A photobook of You Get Me? was published by MACK in June to coincide with the exhibition. It can be purchased online via mackbooks.co.uk
Visit the project online at mahtabhussain.com
Written by Daniel Jewesbury
For many decades following Indian and Pakistani independence in 1947, the immigrants who arrived in Britain from the two new states were seen, by their hosts, as largely undifferentiated. Growing up in south London in the 1970s with an Indian mother, I learned fairly quickly that the word ‘Paki’ was not intended to convey any particularly nuanced religious, national or ethnic distinctions. But if it was an inexact term of abuse, then the inability on the part of those who used it to tell us all apart bred a similarly broad response. In the defence committees and anti-racist unions of the day, the word ‘black’ was adopted as a term under which all those experiencing British racism could gather, in order to organise a politics of solidarity and resistance.

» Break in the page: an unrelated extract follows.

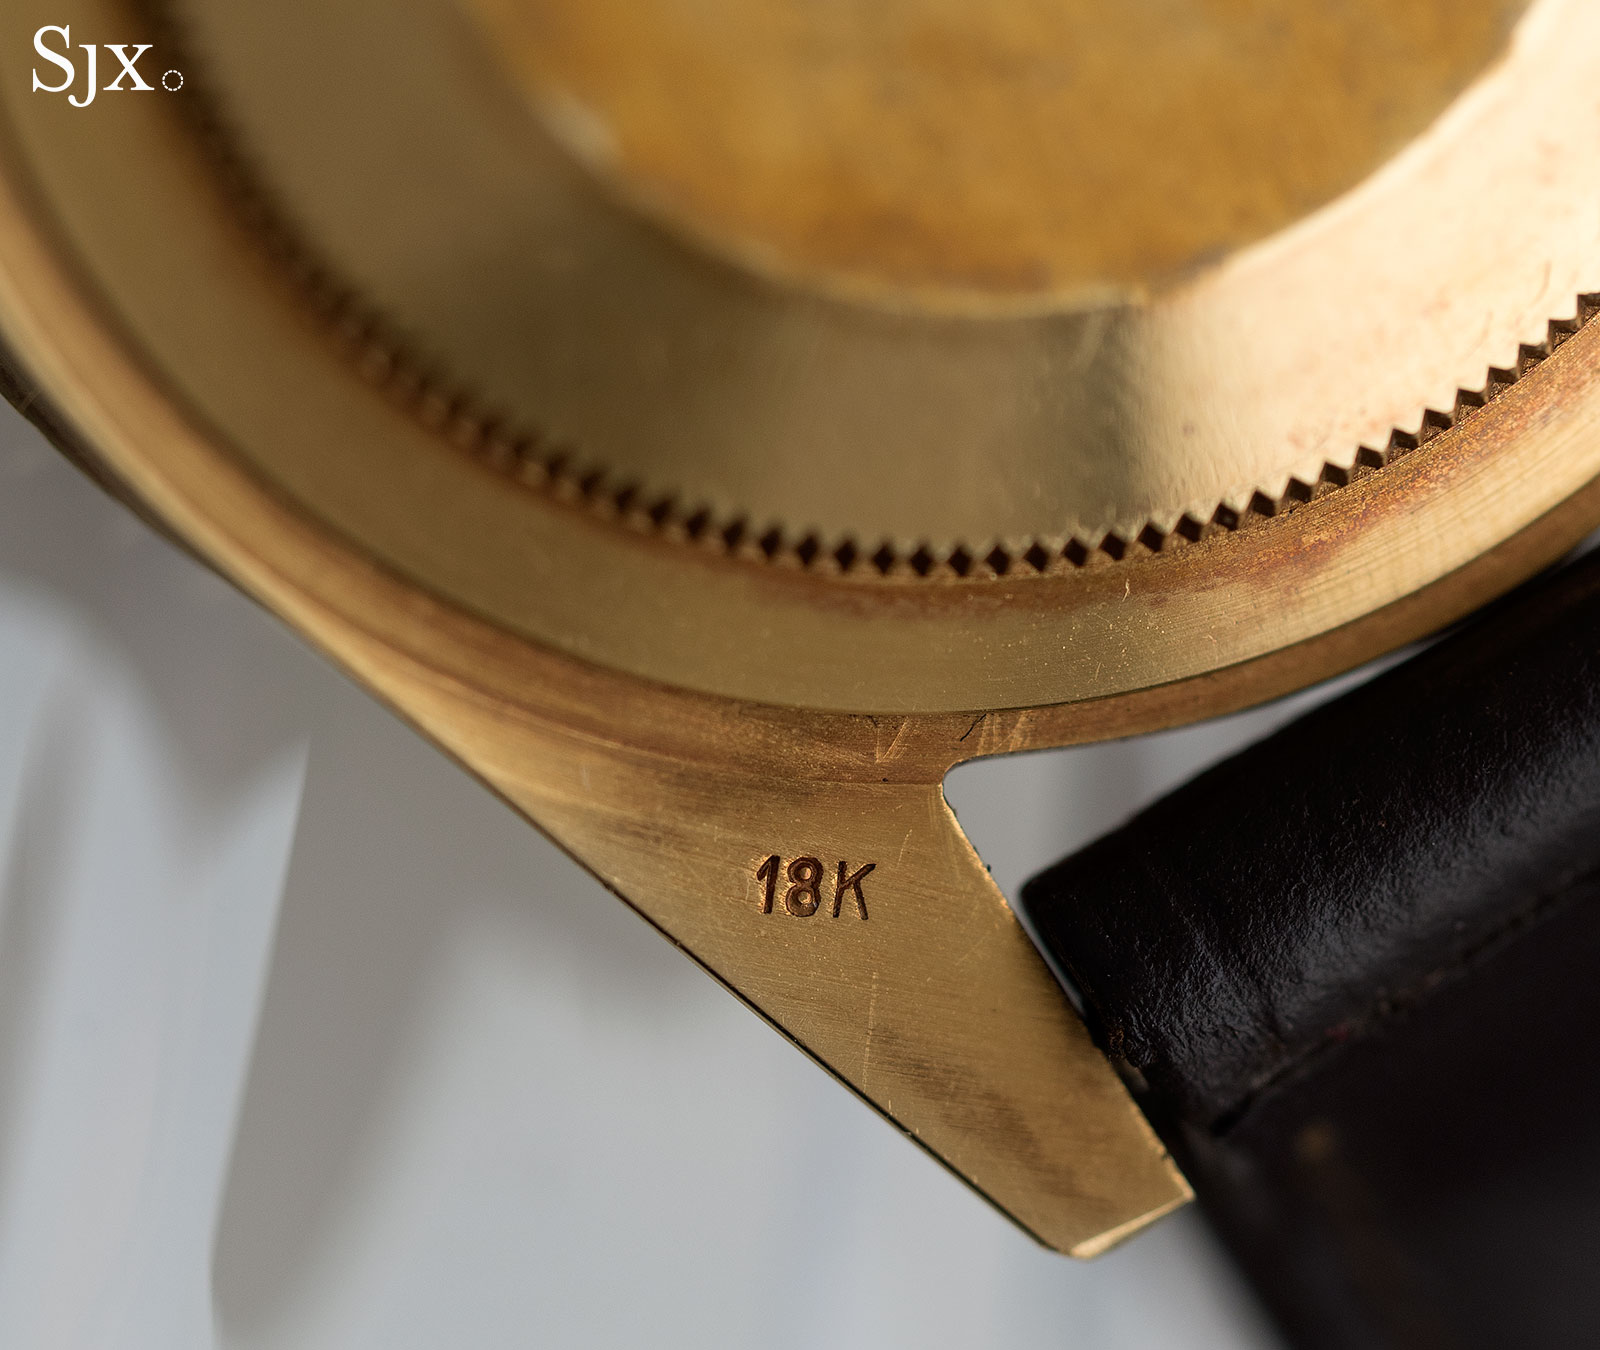 Rolex GMT-Master 1675 18k 7

Through the 1980s and ’90s, this ecumenical anti-racist solidarity was gradually eroded. Black and Asian groups began to insist on the need to define themselves according not to their shared experiences, but their difference. ‘Community leaders’ began to appear increasingly often in the media, not the young political leaders who had turned up trying to explain the reasons behind the sporadic unrest in the cities a few years previously, but religious elders, or sharply-dressed councillors with political ambitions; invariably, they broadcast appeals to young men with whom they had almost no contact to ‘see sense’ and stop behaving so disgracefully, and bringing shame on their communities. At a certain point, that notoriously poorly-defined bête noire, multiculturalism, became a word that was heard widely on TV and in the newspapers, its existence seen as the final confirmation that political correctness had, with terrifying inevitability, gone mad.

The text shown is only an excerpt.